Negli anni 80, quando l’Inghilterra imbocca consapevolmente la strada di una economia dei servizi finanziari, la Germania affronta le nuove sfide del mercato internazionale con una grande riqualificazione del proprio settore manifatturiero, ponendosi contemporaneamente, tramite lo SME, come il cane da guardia della stabilità monetaria in Europa. Le scelte della Bundesbank divengono già ora punto di riferimento obbligato per le banche centrali europee. In questi anni Ciampi, Monti, Padoa Schioppa, (la nostra futura classe di governo), si convincono che per l’Italia non esista altra medicina che introiettare la “cultura della stabilità” propugnata dai tedeschi in materia di moneta e finanza, dimenticandosi purtroppo dei grandi problemi, lasciati totalmente intonsi !, che assillano il nostro apparato industriale. Che il controllo della inflazione diventi con Maastricht la prerogativa essenziale ed anzi esclusiva della nuova banca europea è dunque la registrazione di una vittoria che il punto di vista tedesco ha già conseguito sul campo nel corso di un intero decennio.

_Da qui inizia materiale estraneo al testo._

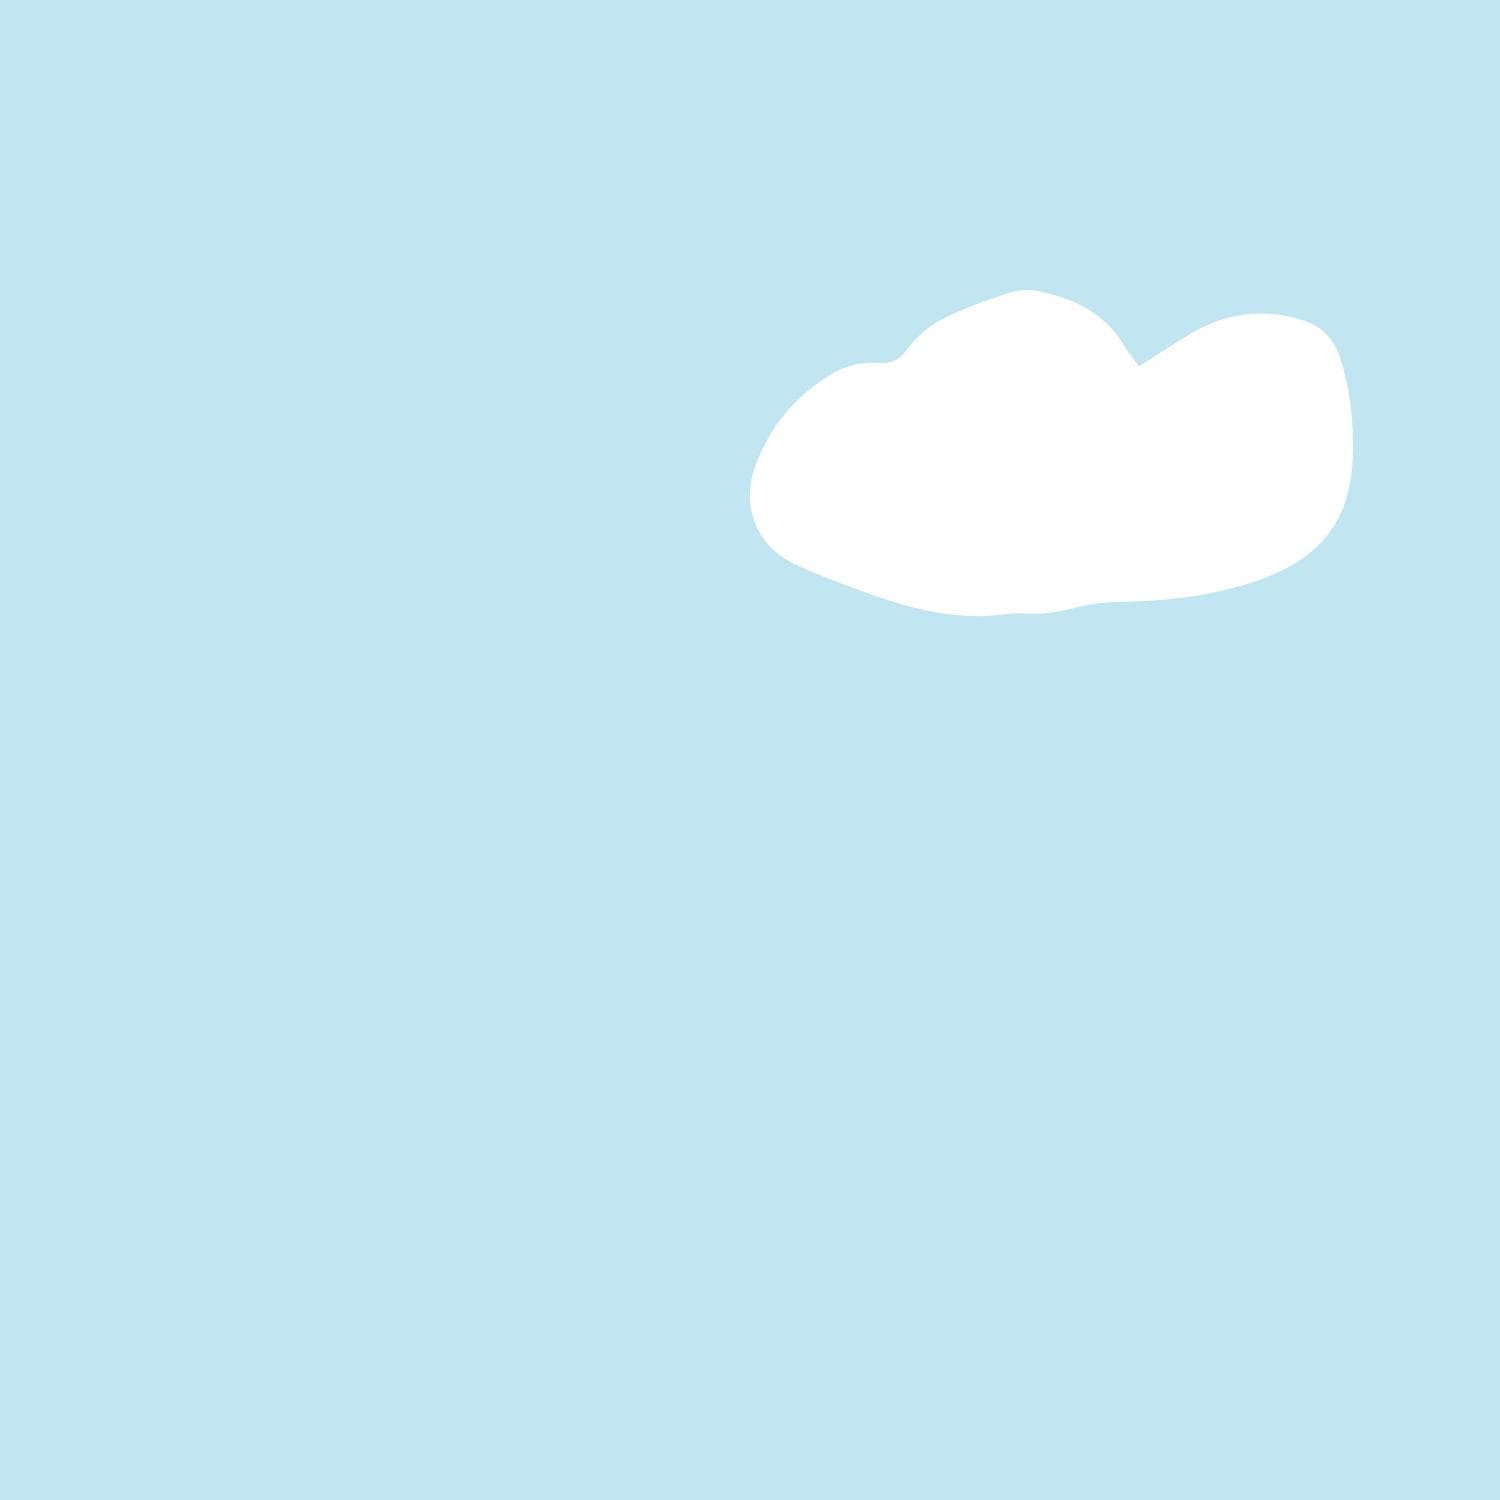 Illustration of a white cloud in a blue sky

In questa capacità di combinare una continua innovazione produttiva con il mantenimento di una moneta forte è già implicita la capacità della economia tedesca di rispondere positivamente, da protagonista, alla
ininterrotta crescita della influenza del capitalismo finanziario che si dispiega nei due decenni successivi.
L’ obbiettivo della unificazione che si impone di necessità con la inaspettata caduta del muro di Berlino mette la Germania di fronte a sfide ardue. La decisione tutta politica di Kohl di stabilire un rapporto di parità tra i due marchi apre grandi opportunità di consumo alla parte orientale del paese, ma decreta nello stesso tempo il collasso di tutto il suo settore industriale. Nonostante un massiccio programma di investimenti infrastrutturali nella parte orientale del paese, quando nel 1998 la socialdemocrazia torna al governo con Schroeder la disoccupazione oscilla tra l’8 e il 10%, il tasso di crescita è in calo e le esportazioni hanno perso di aggressività (vedi Grafico 3).